Sembcorp Green Infra Ltd
- Type: Public
- Industry: Renewable Energy
- Founded: 2008; 18 years ago, in New Delhi, India
- Headquarters: Gurgaon, India
- Key people: Vipul Tuli (President and CEO - Renewables West)
- Parent: Sembcorp Industries

= Sembcorp Energy India =

Sembcorp Green Infra Limited is an independent power company in India. It develops and operates wind and solar power generation assets totalling more than 7.6 gigawatts capacity in operation and under construction in India. Sembcorp Green Infra is part of the Sembcorp Industries Group.

== Sembcorp Green Infra ==
Sembcorp Green Infra is a renewable energy company that generates power and currently operating in India. Sembcorp Green Infra is a wholly owned subsidiary of Sembcorp Utilities PTE LTD.

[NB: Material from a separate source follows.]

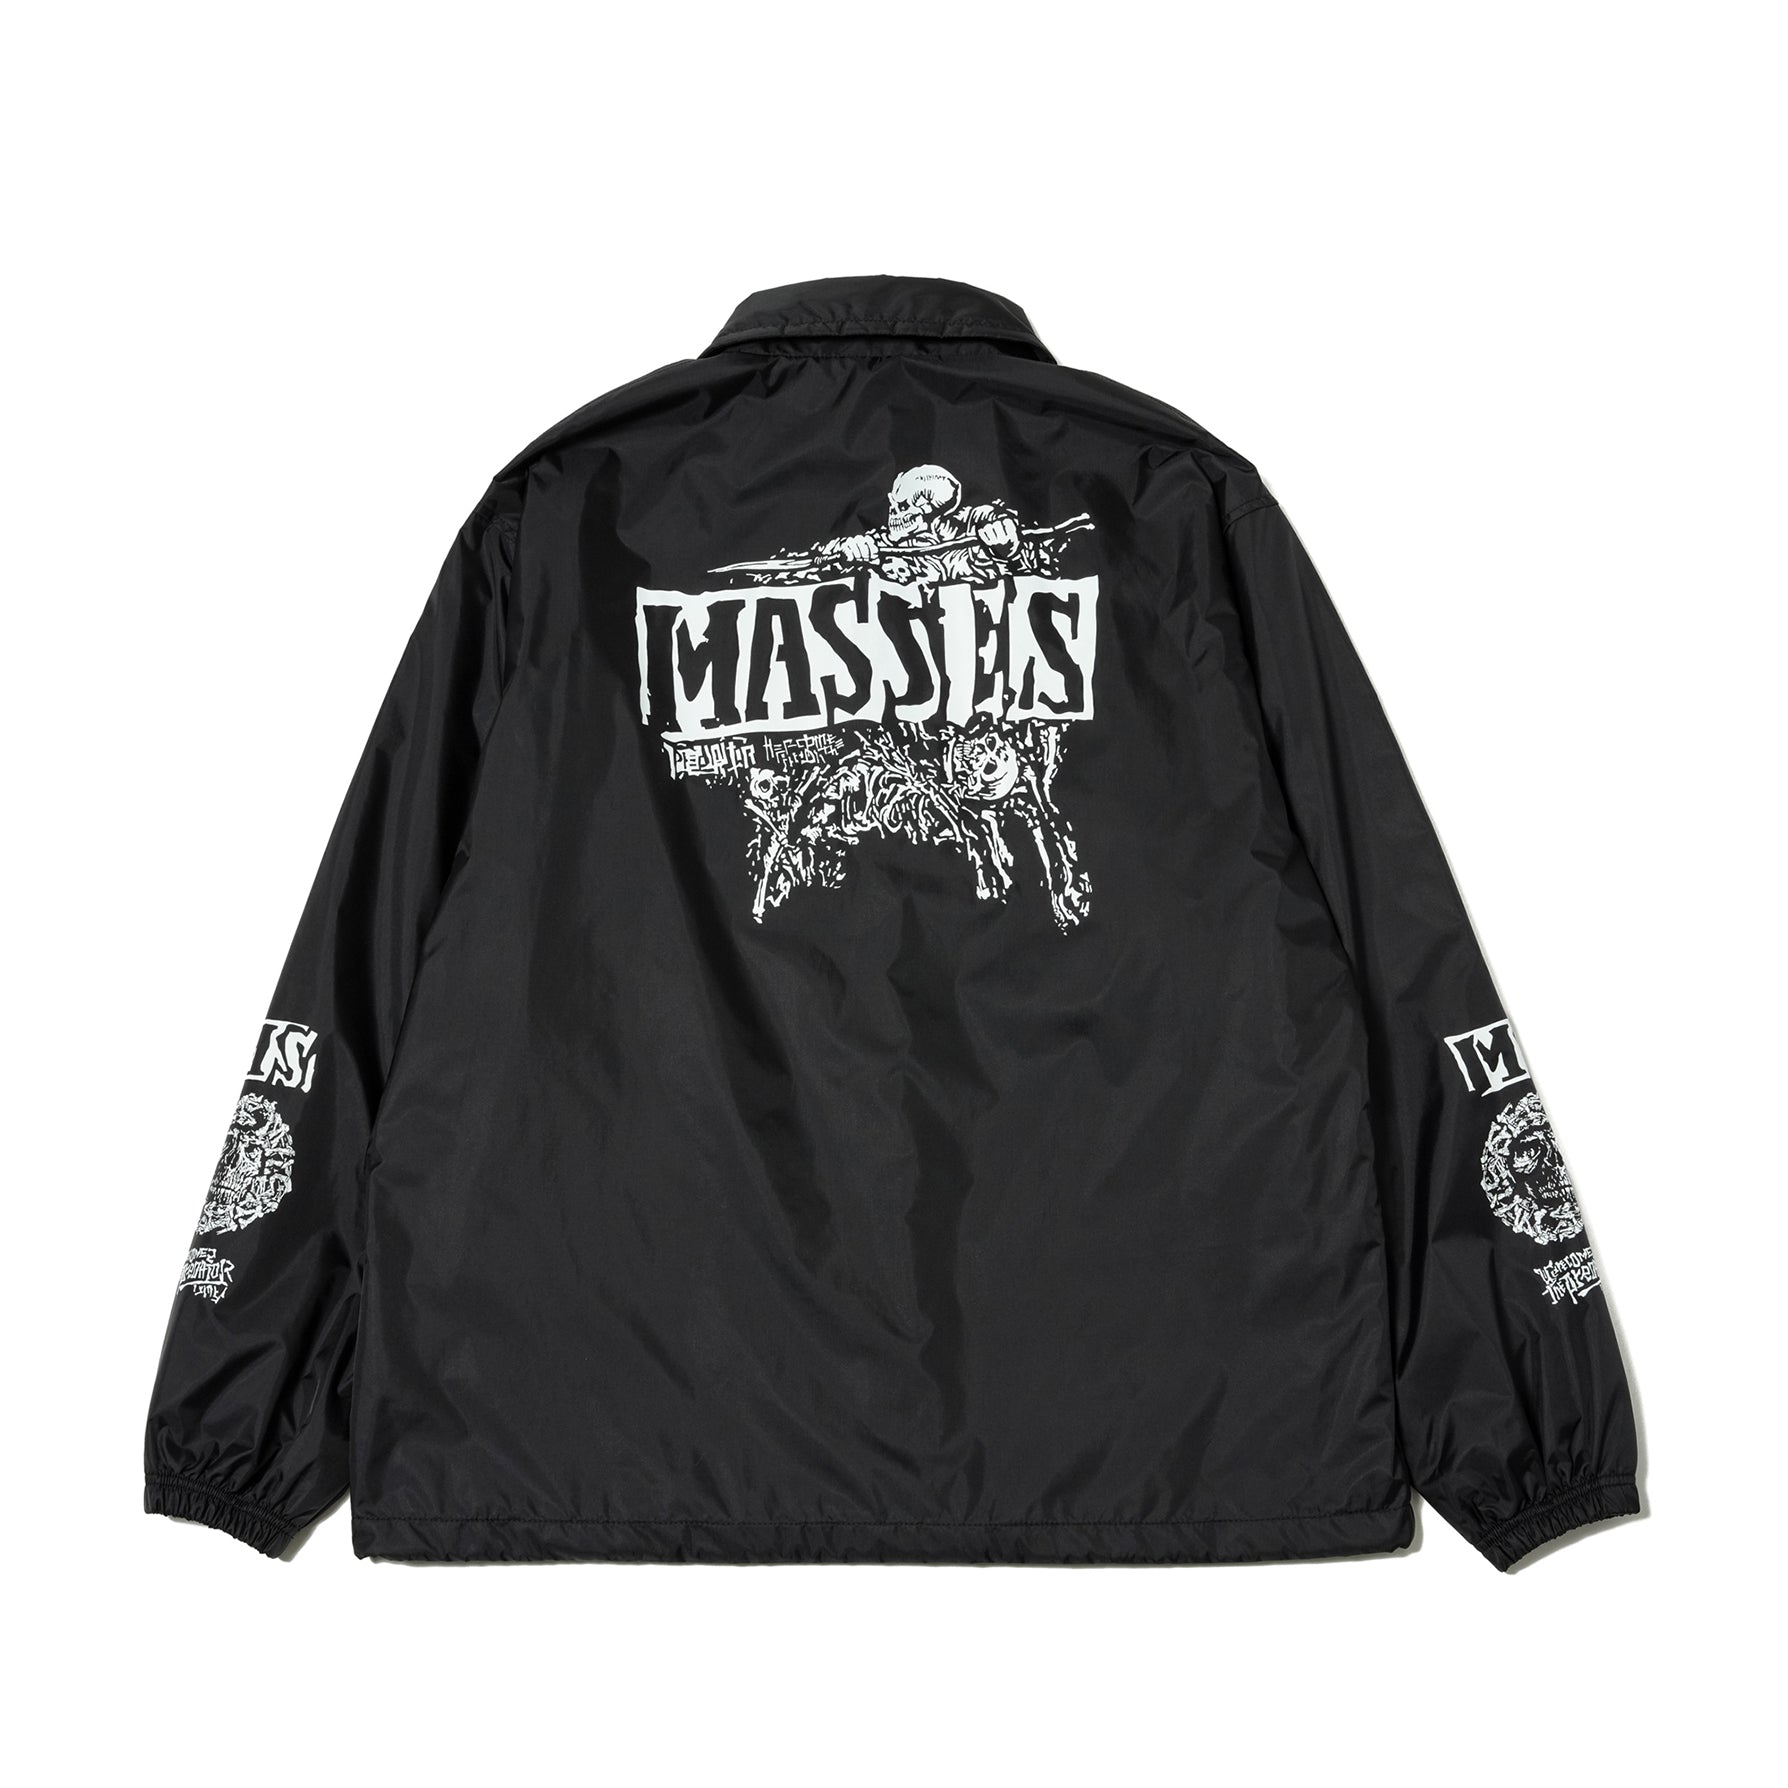 MASSES (マシス) - R&Co. 公式通販

In 2015, Sembcorp acquired a majority stake in an Indian renewable energy firm, since renamed Sembcorp Green Infra. In August 2017, Sembcorp entered into an agreement to acquire IDFC Private Equity Fund III's remaining stake in Sembcorp Green Infra.

As of (September) 2025 Sembcorp Green Infra's business consists of more than 6,900 megawatts of wind and solar power assets in operation and under development in 13 states across India.

Sembcorp has the largest generating capacity commissioned from SECI wind auctions. The company also has a self-operating capacity of more than 1,100 MW, the largest with any independent power producer in the renewable sector in India.